Some hopeful entrepreneurs start their businesses without considering the potential legal issues that could arise.
Before you launch your new enterprise, be aware of common mistakes that company founders face.
1. Not setting clear terms with other founders
Businesses often begin as ventures with friends or family members. What seems simple at the beginning can become more complex as time goes on and the company starts generating revenue. Regardless of your relationship with other co-founders, you should have a founder agreement made up to address important issues such as division of equity, stake in ownership and roles and responsibilities of each founder.
2. Choosing the wrong type of entity
Whether you have partners or plan to launch your enterprise alone, numerous business entities exist with varying levels of personal liability protection and tax incentives. Ensure you understand the types of business structures you could choose from, such as a limited liability company, limited partnership or corporation, before legally instituting your organization.

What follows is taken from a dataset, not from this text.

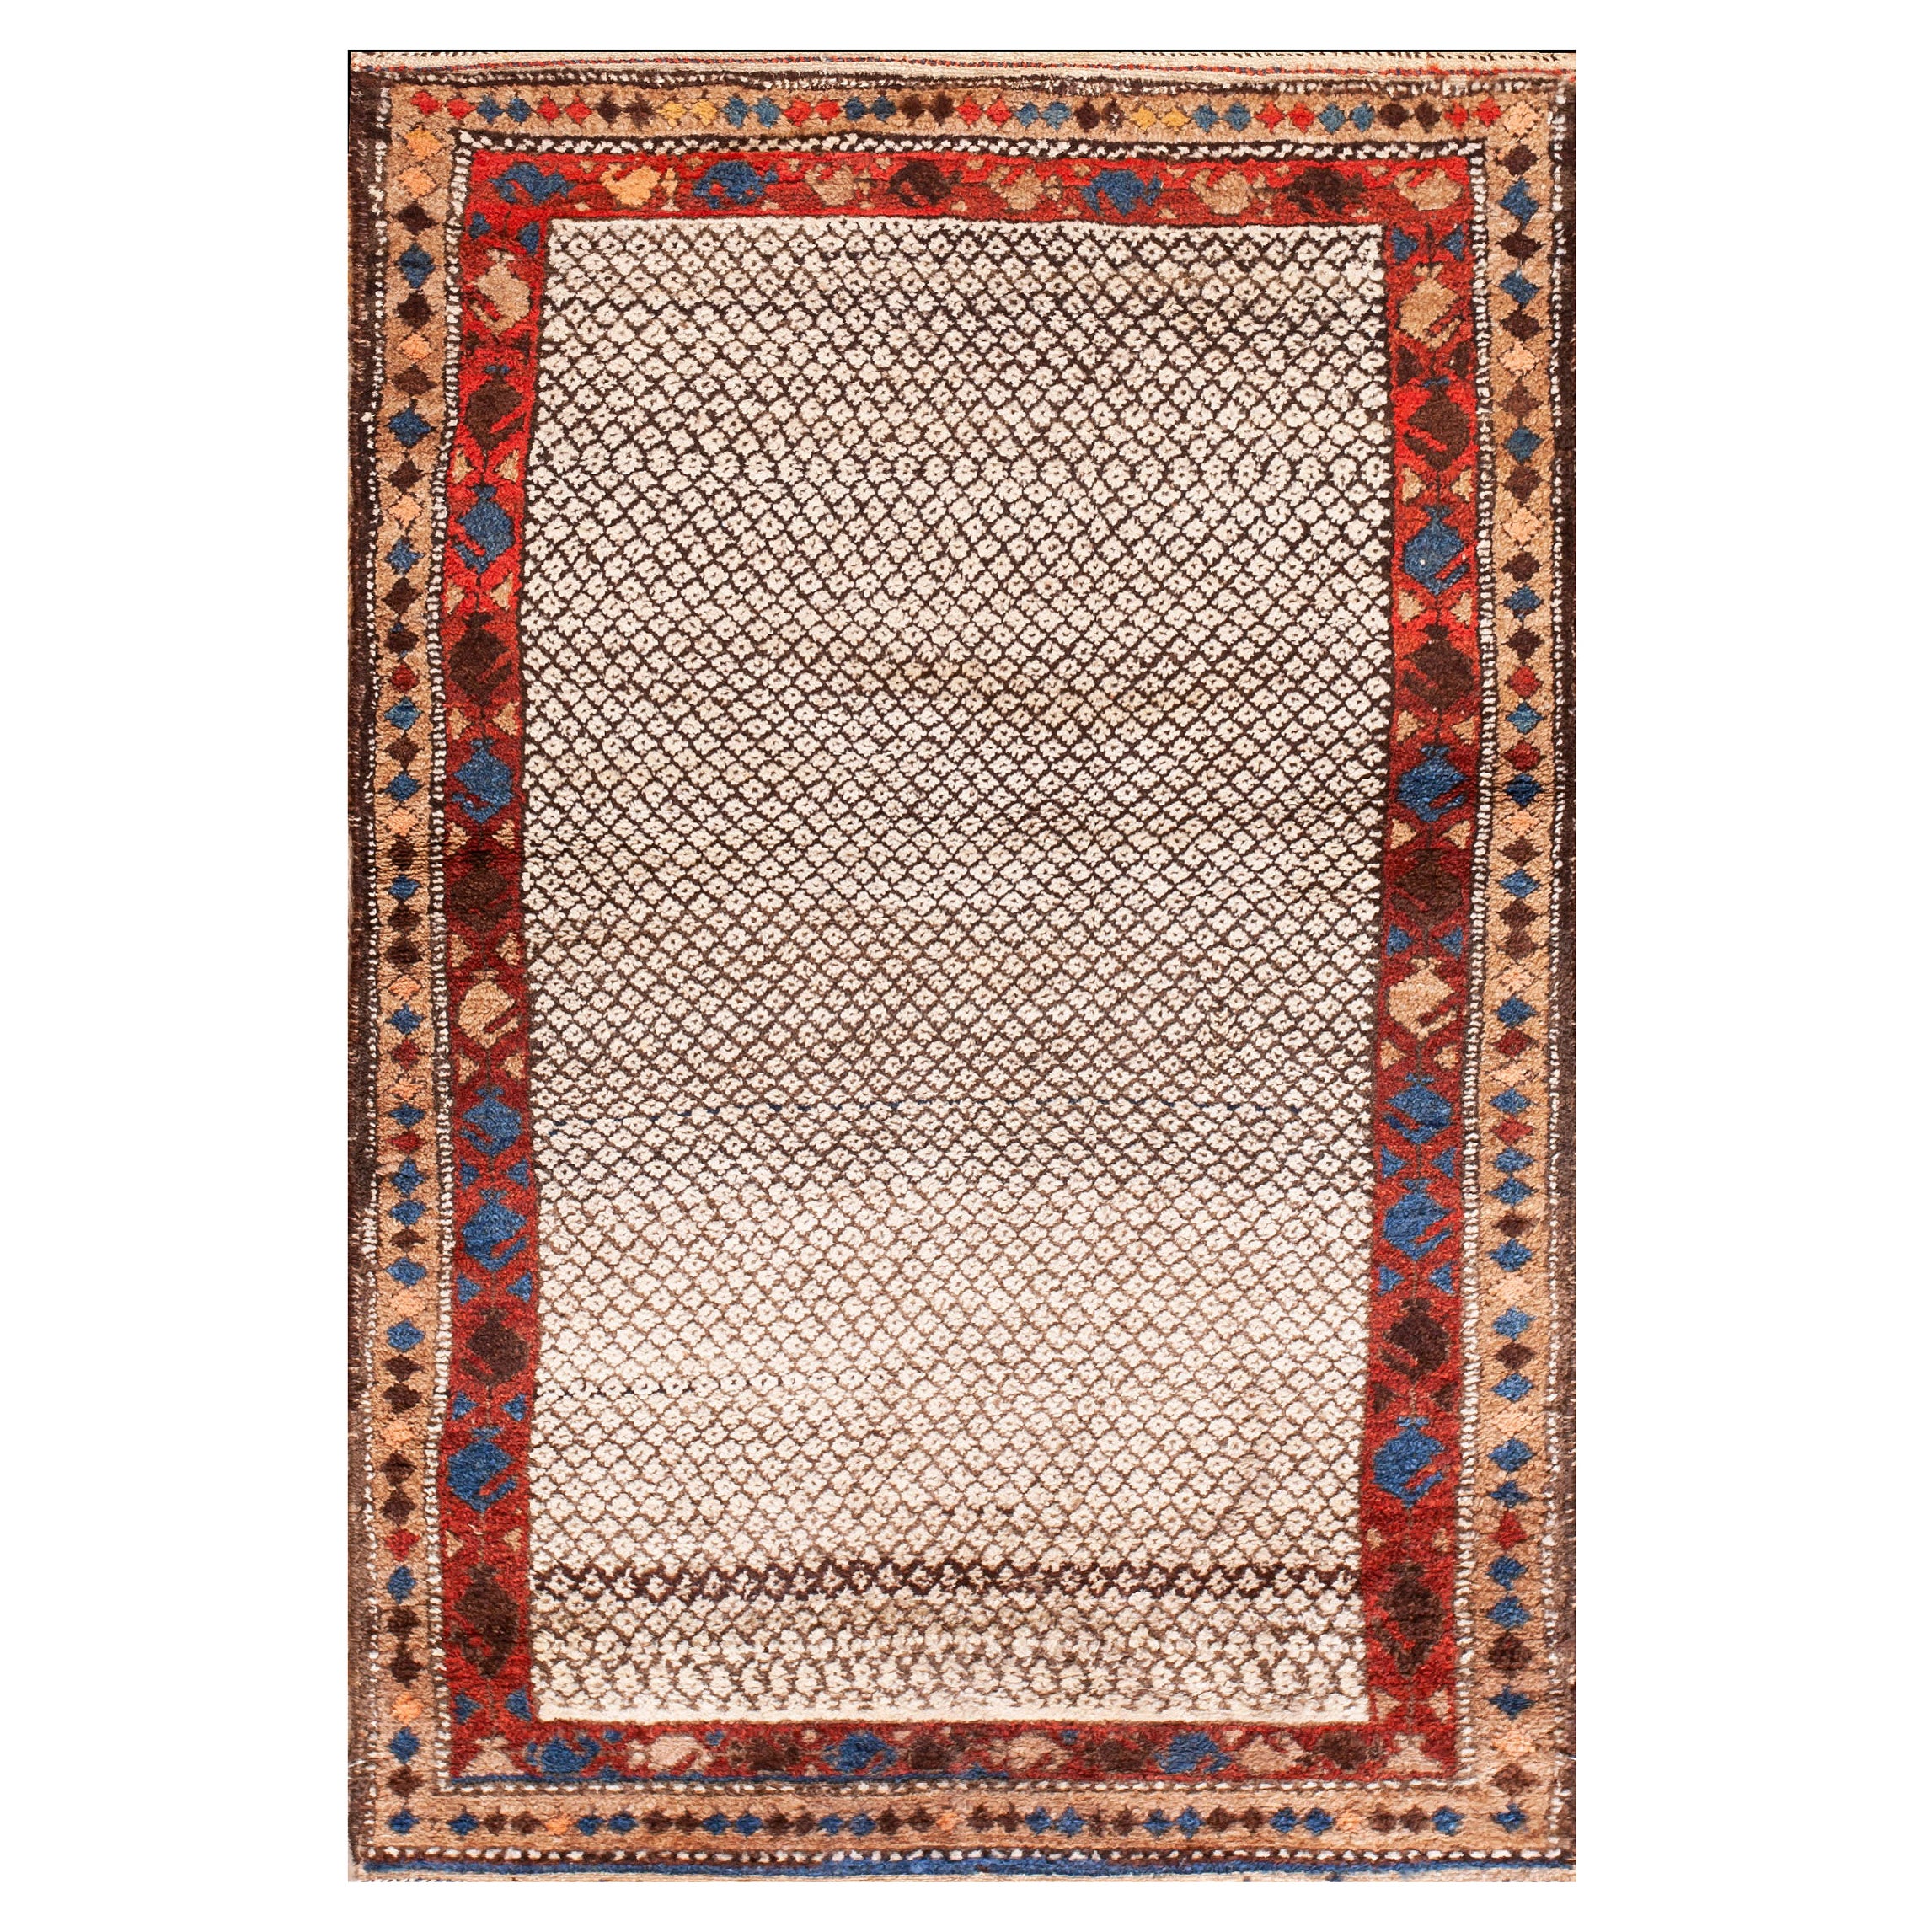 Antique NW Persian Rug  ( 3' 4" x 5' - 102 x 153 cm) For Sale

3. Failing to understand tax implications
Some entrepreneurs are creative types who feel excited to finally become their own bosses and see their dreams realized. Whether you are a numbers person or not, you must take the time to learn about all of the taxes your company is responsible for paying. Failure to do so could result in hefty fines and penalties.
Starting a business is an exciting adventure. However, you must do your homework and prepare yourself legally for all of the potential problems that running a company can entail.